## DATA BLOCK
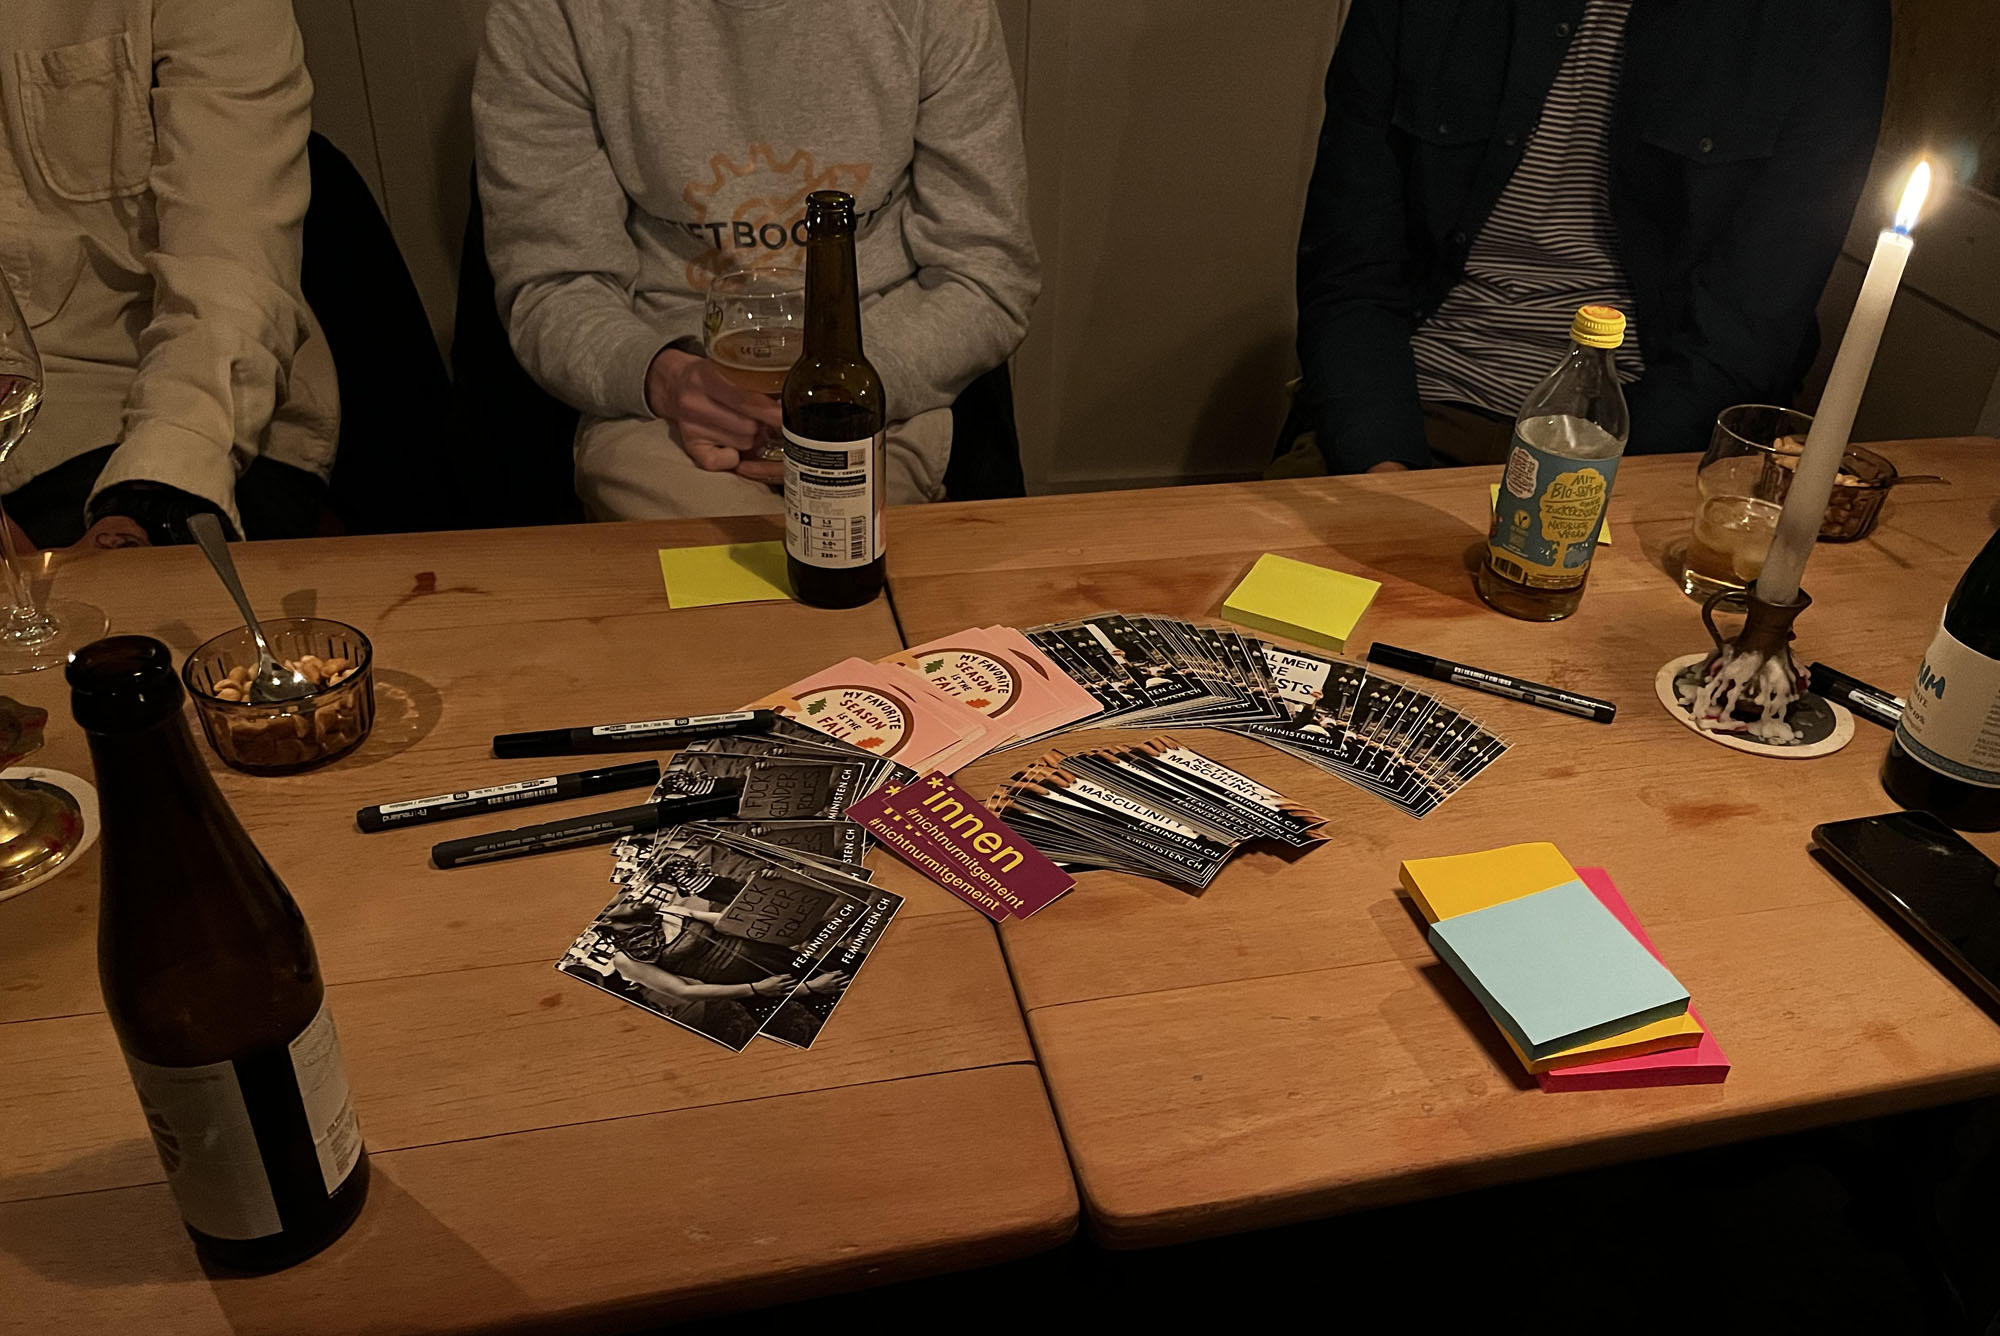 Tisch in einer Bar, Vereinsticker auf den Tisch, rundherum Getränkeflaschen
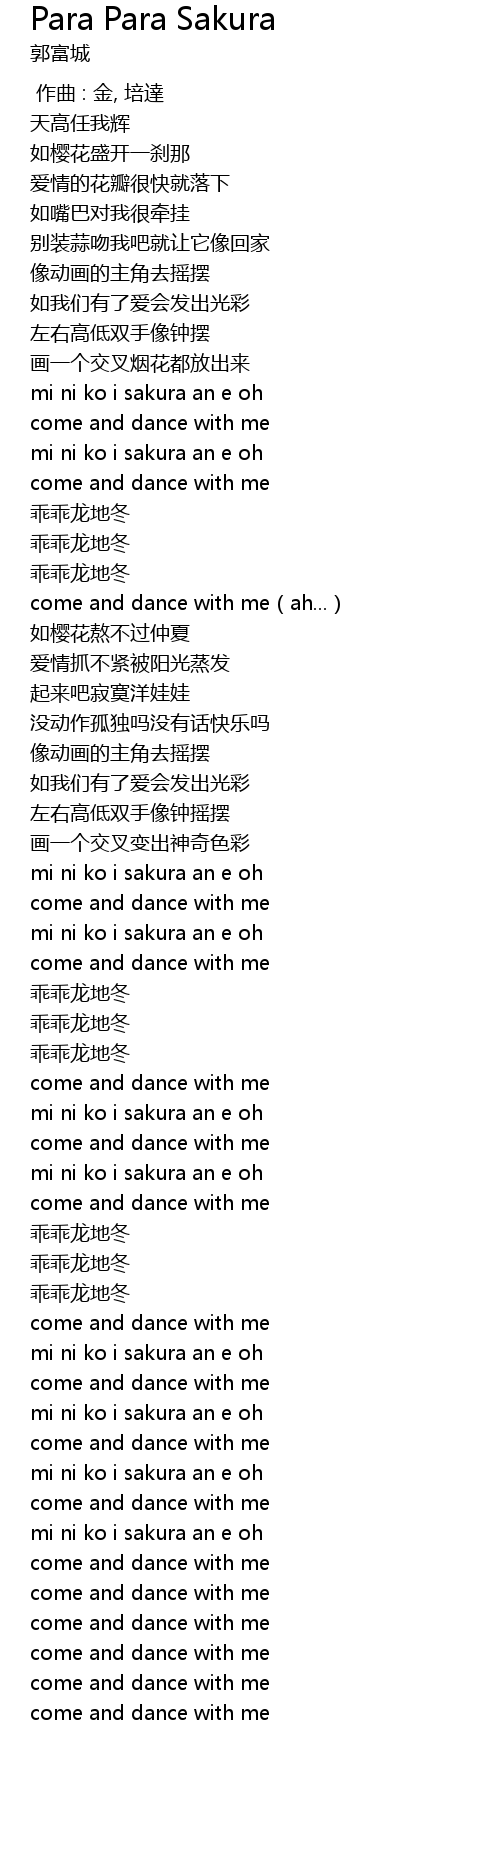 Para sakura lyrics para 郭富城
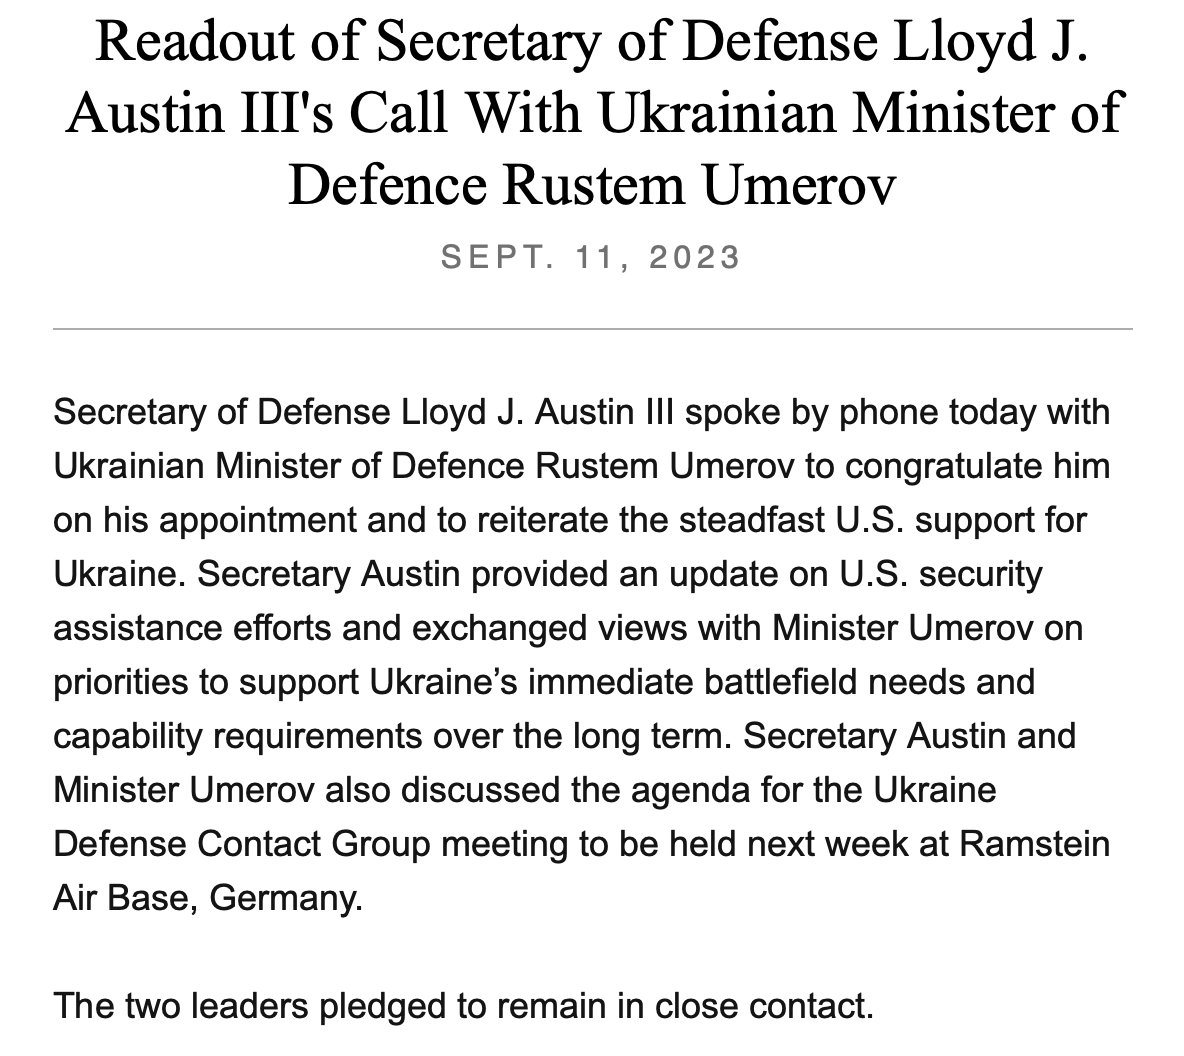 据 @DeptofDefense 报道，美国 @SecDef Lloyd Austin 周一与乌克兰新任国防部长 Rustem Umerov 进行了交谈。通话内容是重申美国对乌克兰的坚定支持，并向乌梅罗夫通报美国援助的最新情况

## TASK OBJECTIVE
Would you return all the data exactly as given, minus the pictures?

## RESPONSE BELOW
 Tisch in einer Bar, Vereinsticker auf den Tisch, rundherum Getränkeflaschen
 Para sakura lyrics para 郭富城
 据 @DeptofDefense 报道，美国 @SecDef Lloyd Austin 周一与乌克兰新任国防部长 Rustem Umerov 进行了交谈。通话内容是重申美国对乌克兰的坚定支持，并向乌梅罗夫通报美国援助的最新情况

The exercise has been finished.